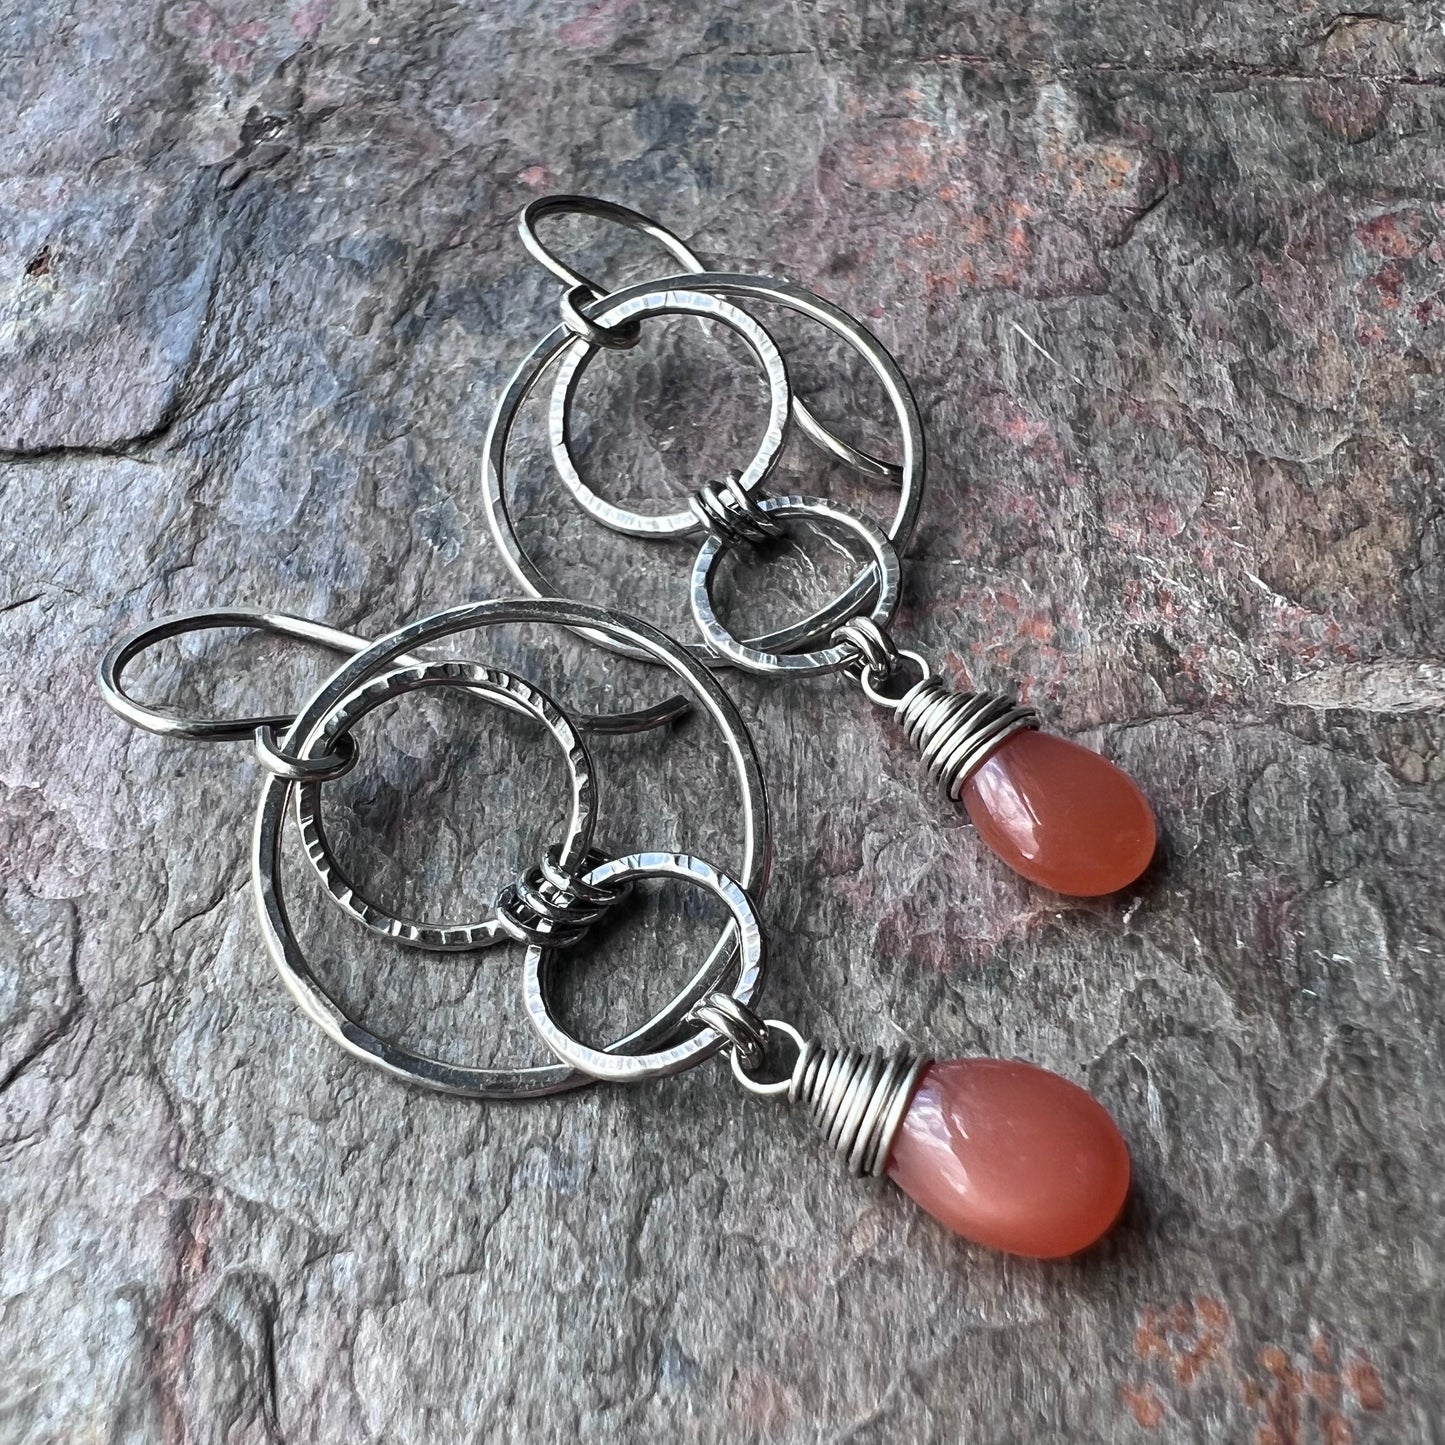 Peach Moonstone Sterling Silver Earrings - Peach Moonstone Teardrops and Hammered Circles on Sterling Silver Earwires
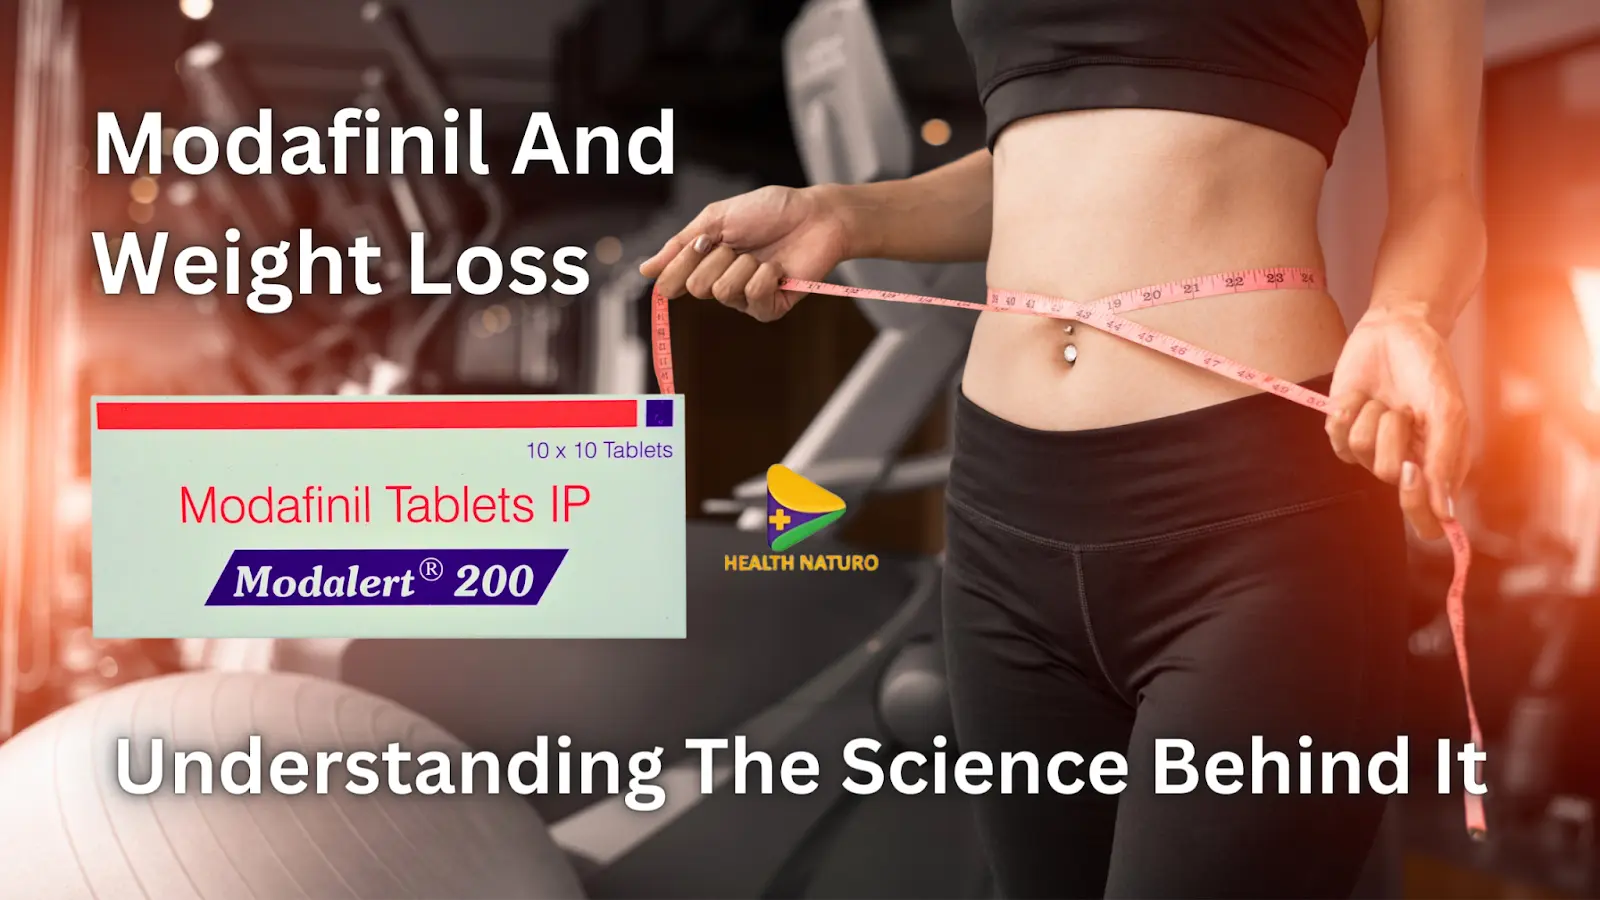 Modafinil And Weight Loss: Understanding The Science Behind It
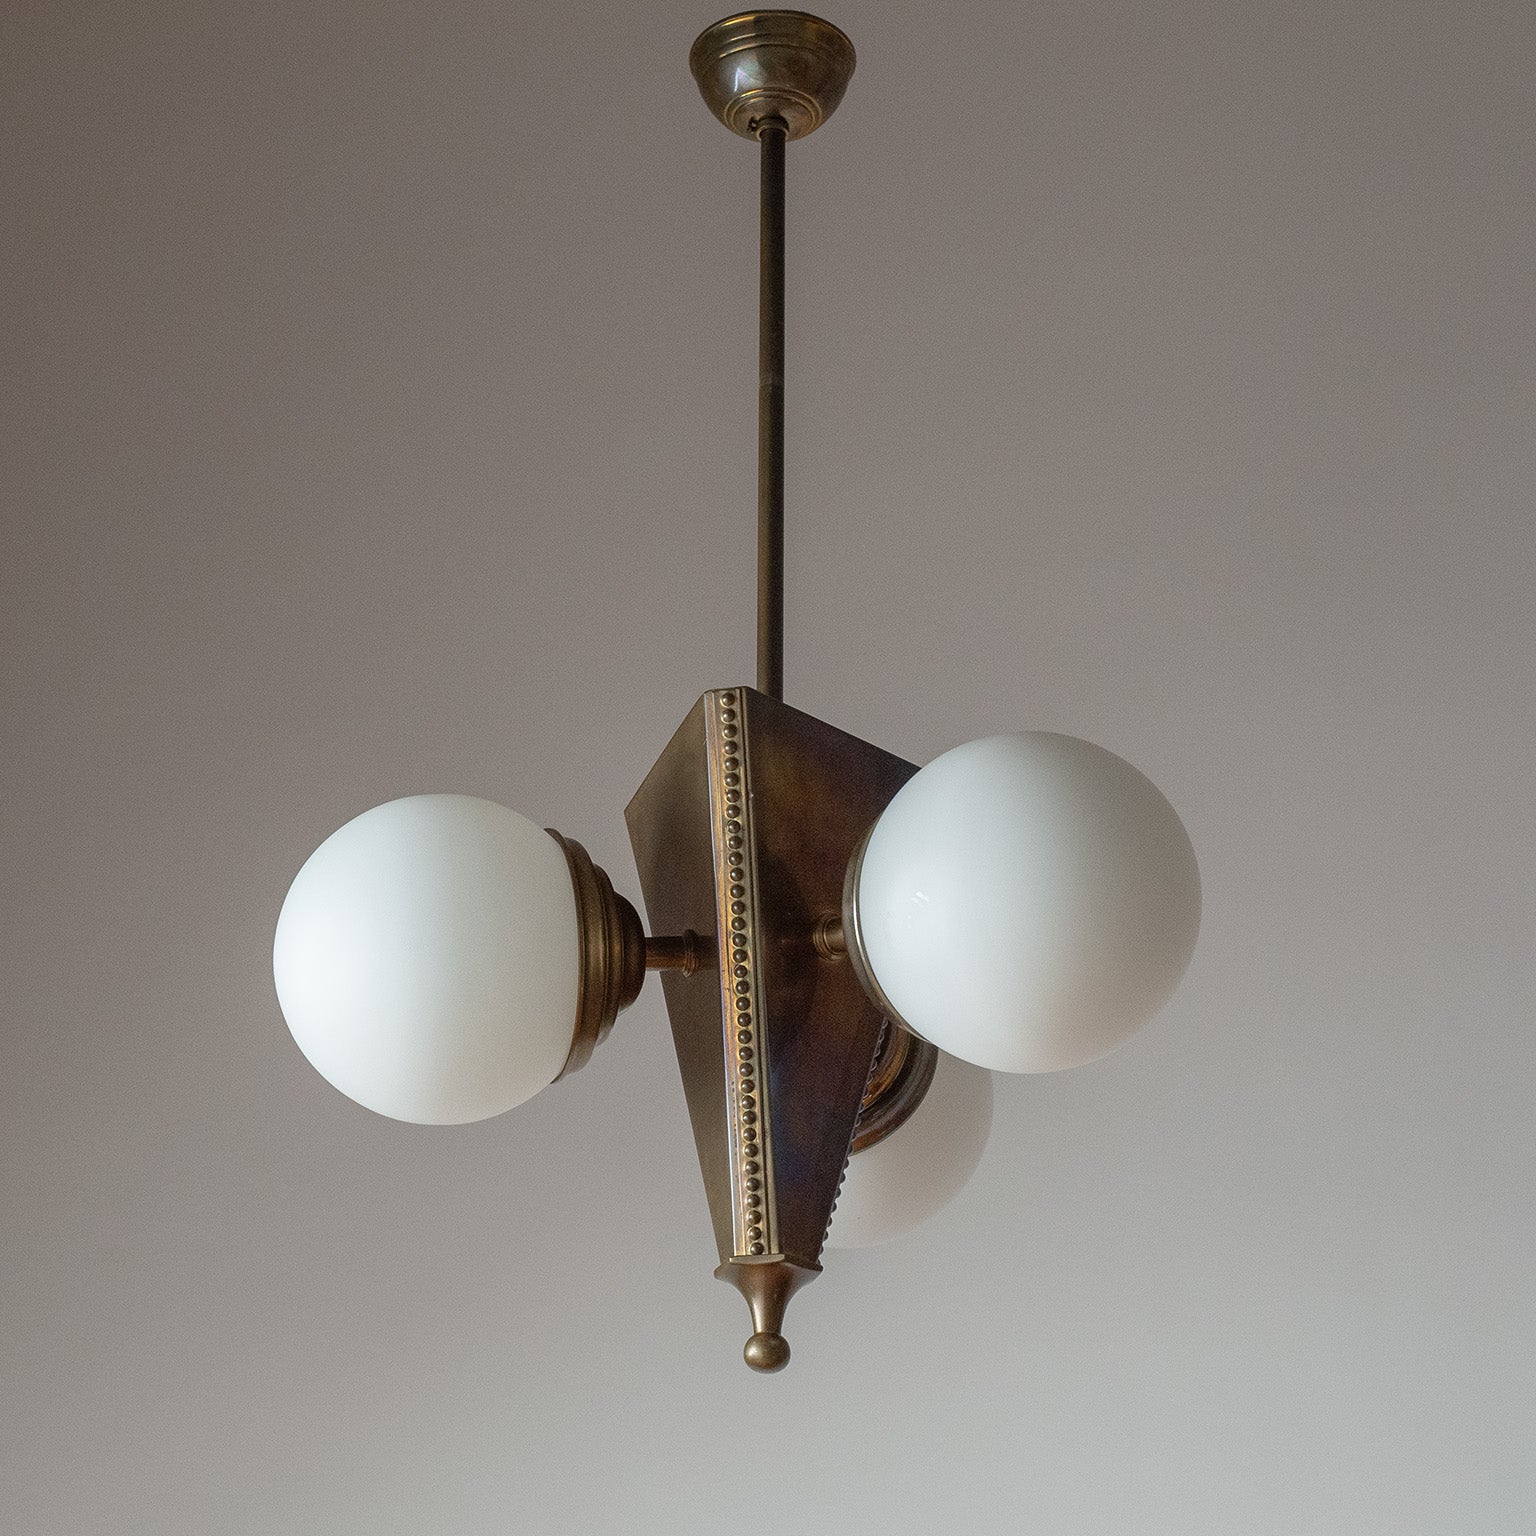 Fine Austrian Art Deco or Jugendstil chandelier in brass with satin glass globes. Designed in the early 20th century, this is probably a re-edition from the 1970s. Large triangular centerpiece with three satin glass diffuser. Nicely detailed with

════════════════════

Your goal:
Print the material above word for word, and keep the pictures out of it.

Finished exercise:
 Peach Moonstone Sterling Silver Earrings - Peach Moonstone Teardrops and Hammered Circles on Sterling Silver Earwires
 Modafinil And Weight Loss: Understanding The Science Behind It
 Fine Austrian Art Deco or Jugendstil chandelier in brass with satin glass globes. Designed in the early 20th century, this is probably a re-edition from the 1970s. Large triangular centerpiece with three satin glass diffuser. Nicely detailed with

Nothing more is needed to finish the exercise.